Democratic Party nomination

In the 1984 presidential election the Democrats had nominated Walter Mondale, a traditional New Deal-type liberal, who advocated for those constituencies that Franklin Roosevelt forged into a majority coalition, as their candidate. When Mondale was defeated in a landslide, party leaders became eager to find a new approach to get away from the 1980 and 1984 debacles. After Bush's image was affected by his involvement on the Iran-Contra scandal much more than Reagan's, and after the Democrats won back control of the U.S. Senate in the 1986 congressional elections following an economic downturn, the party's leaders felt optimistic about having a closer race with the GOP in 1988, although probabilities of winning the presidency were still marginal given the climate of prosperity.

One goal of the party was to find a new, fresh candidate who could move beyond the traditional New Deal-Great Society ideas of the past and offer a new image of the Democrats to the public. To this end party leaders tried to recruit New York Governor Mario Cuomo to be a candidate. Cuomo had impressed many Democrats with his keynote speech at the 1984 Democratic Convention, and they believed he would be a strong candidate. After Cuomo chose not to run, the Democratic frontrunner for most of 1987 was former Colorado Senator Gary Hart. He had made a strong showing in the 1984 presidential primaries and, after Mondale's defeat, had positioned himself as the moderate centrist many Democrats felt their party would need to win.

But questions and rumors about extramarital affairs and past debts dogged Hart's campaign. Hart had told New York Times reporters who questioned him about these rumors that, if they followed him around, they would "be bored". In a separate investigation, the Miami Herald had received an anonymous tip from a friend of Donna Rice that Rice was involved with Hart. After his affair emerged, the Herald reporters found Hart's quote in a pre-print of The New York Times magazine. After the Heralds findings were publicized, many other media outlets picked up the story and Hart's ratings in the polls plummeted. On May 8, 1987, a week after the Rice story broke, Hart dropped out of the race. His campaign chair, Representative Patricia Schroeder, tested the waters for about four months after Hart's withdrawal, but decided in September 1987 that she would not run. In December 1987, Hart surprised many pundits by resuming his campaign, but the allegations of adultery had delivered a fatal blow to his candidacy, and he did poorly in the primaries before dropping out again.

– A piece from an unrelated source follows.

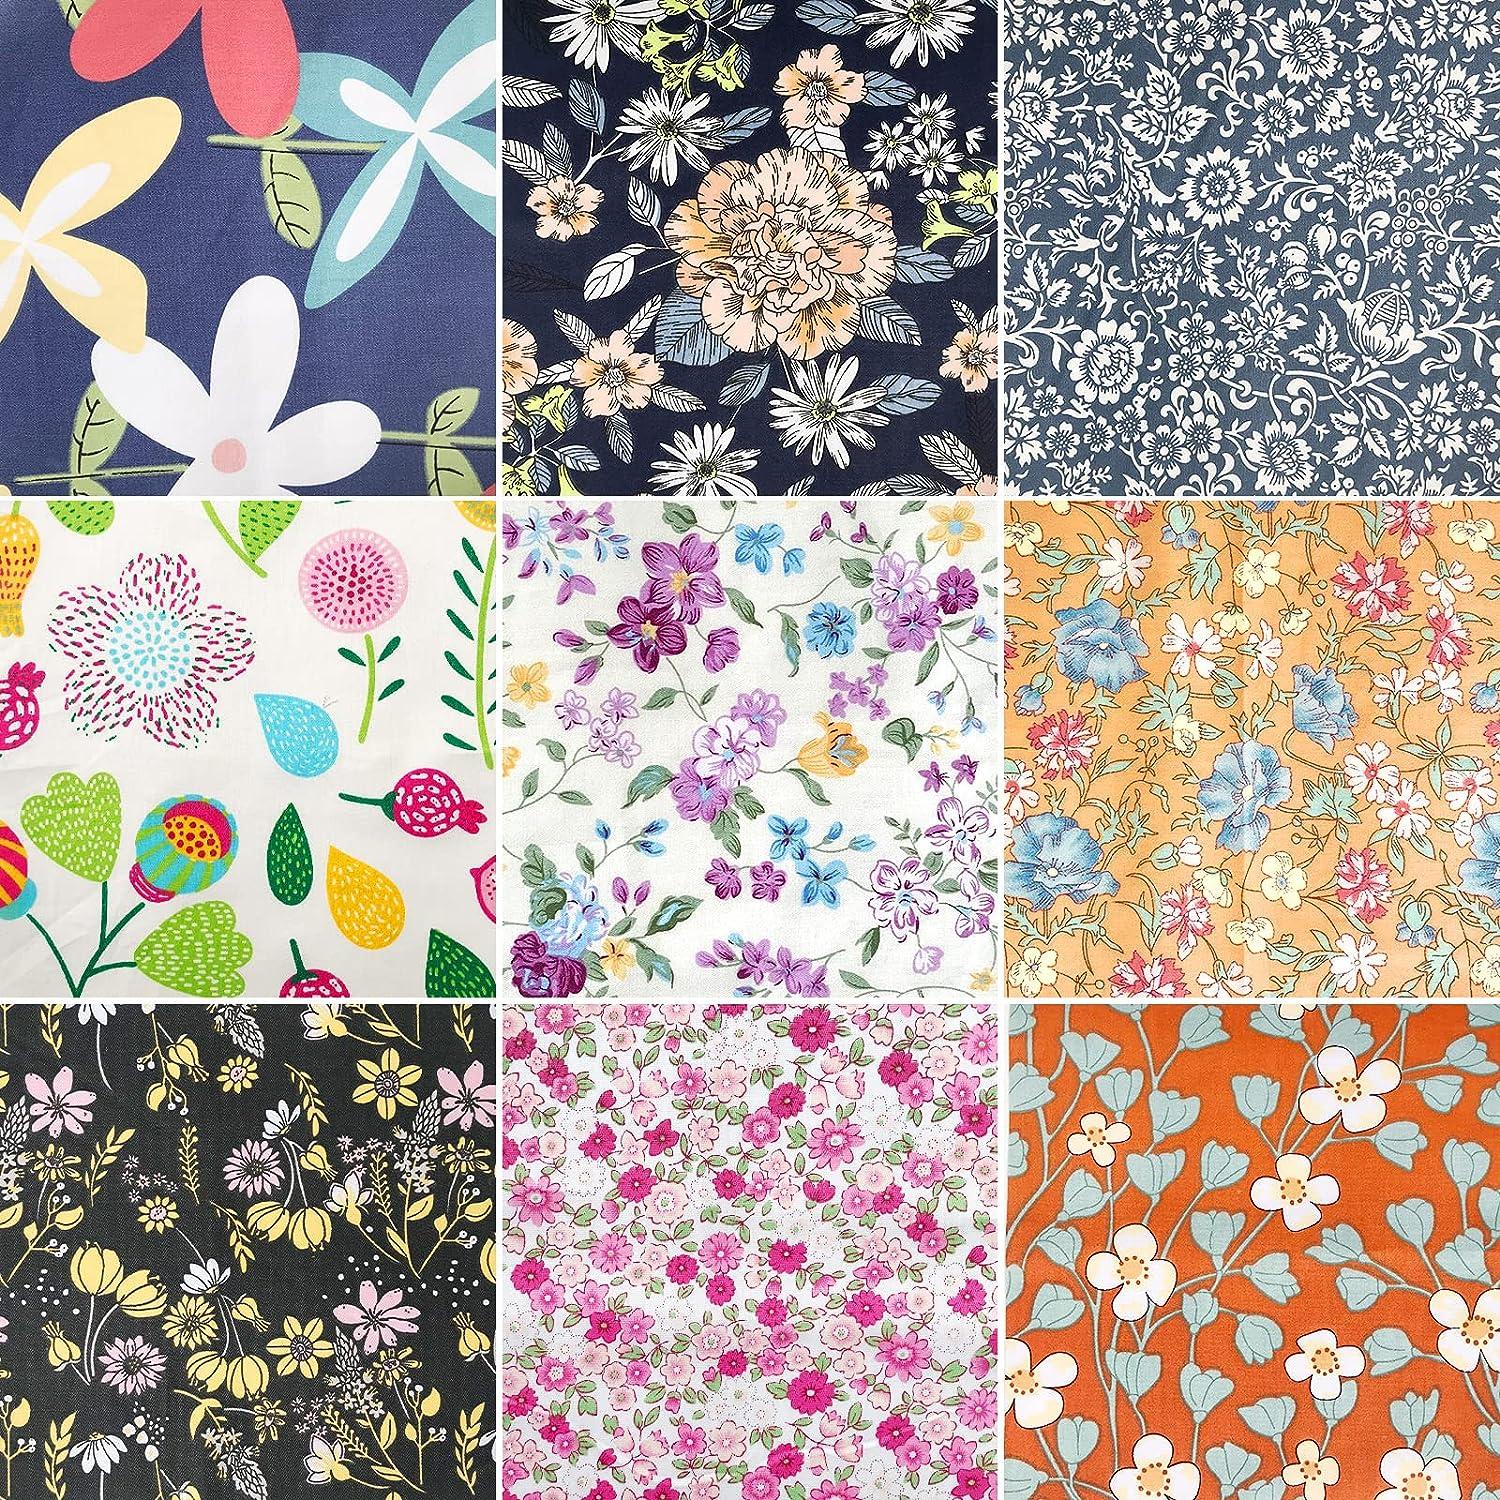 Quilting Fabric, Misscrafts Cotton Craft Fabric Bundle Squares Patchwork  Pre-Cut Quilt Squares for DIY Sewing Scrapbooking Quilting Dot Pattern  (50PCS

Senator Ted Kennedy of Massachusetts had been considered a potential candidate, but he ruled himself out of the race in the fall of 1985. Two other politicians mentioned as possible candidates, both from Arkansas, did not join the race: Senator Dale Bumpers and Governor and future President Bill Clinton.

Joe Biden's campaign also ended in controversy after he was accused of plagiarizing a speech by Neil Kinnock, then-leader of the British Labour Party. The Dukakis campaign secretly released a video in which Biden was filmed repeating a Kinnock stump speech with only minor modifications. Biden later called his failure to attribute the quotes an oversight, and in related proceedings the Delaware Supreme Court's Board on Professional Responsibility cleared him of a separate plagiarism charge, leveled for plagiarizing an article during his law school. This ultimately led him to drop out of the race. Dukakis later revealed that his campaign had leaked the tape, and two members of his staff resigned. (Biden later ran twice more for the Democratic nomination, unsuccessfully in 2008 and successfully in 2020. He was elected the 47th vice president in 2008, serving two terms under President Barack Obama. In 2021, he became the 46th president, over 33 years after his first campaign for the office ended.)

Al Gore, a senator from Tennessee, also chose to run for the nomination. Turning 40 in 1988, he would have been the youngest man to contest the presidency on a major party ticket since William Jennings Bryan in 1896, and the youngest president ever if elected, younger than John F. Kennedy at election age and Theodore Roosevelt at age of assumption of office. He eventually became the 45th Vice President of the United States under Bill Clinton, then the Democratic presidential nominee in 2000, losing to George W. Bush, George H.W.'s son.

Primaries
After Hart withdrew from the race, no clear frontrunner emerged before the primaries and caucuses began. The Iowa caucus was won by Dick Gephardt, who had been sagging heavily in the polls until, three weeks before the vote, he began campaigning as a populist and his numbers surged. Illinois Senator Paul M. Simon finished a surprising second, and Massachusetts Governor Michael Dukakis finished third. In the New Hampshire primary, Dukakis came in first, Gephardt fell to second, and Simon came in third. In an effort to weaken Gephardt's candidacy, both Dukakis and Gore ran negative television ads against Gephardt. The ads convinced the United Auto Workers, which had endorsed Gephardt, to withdraw their endorsement; this crippled Gephardt, as he relied heavily on the support of labor unions.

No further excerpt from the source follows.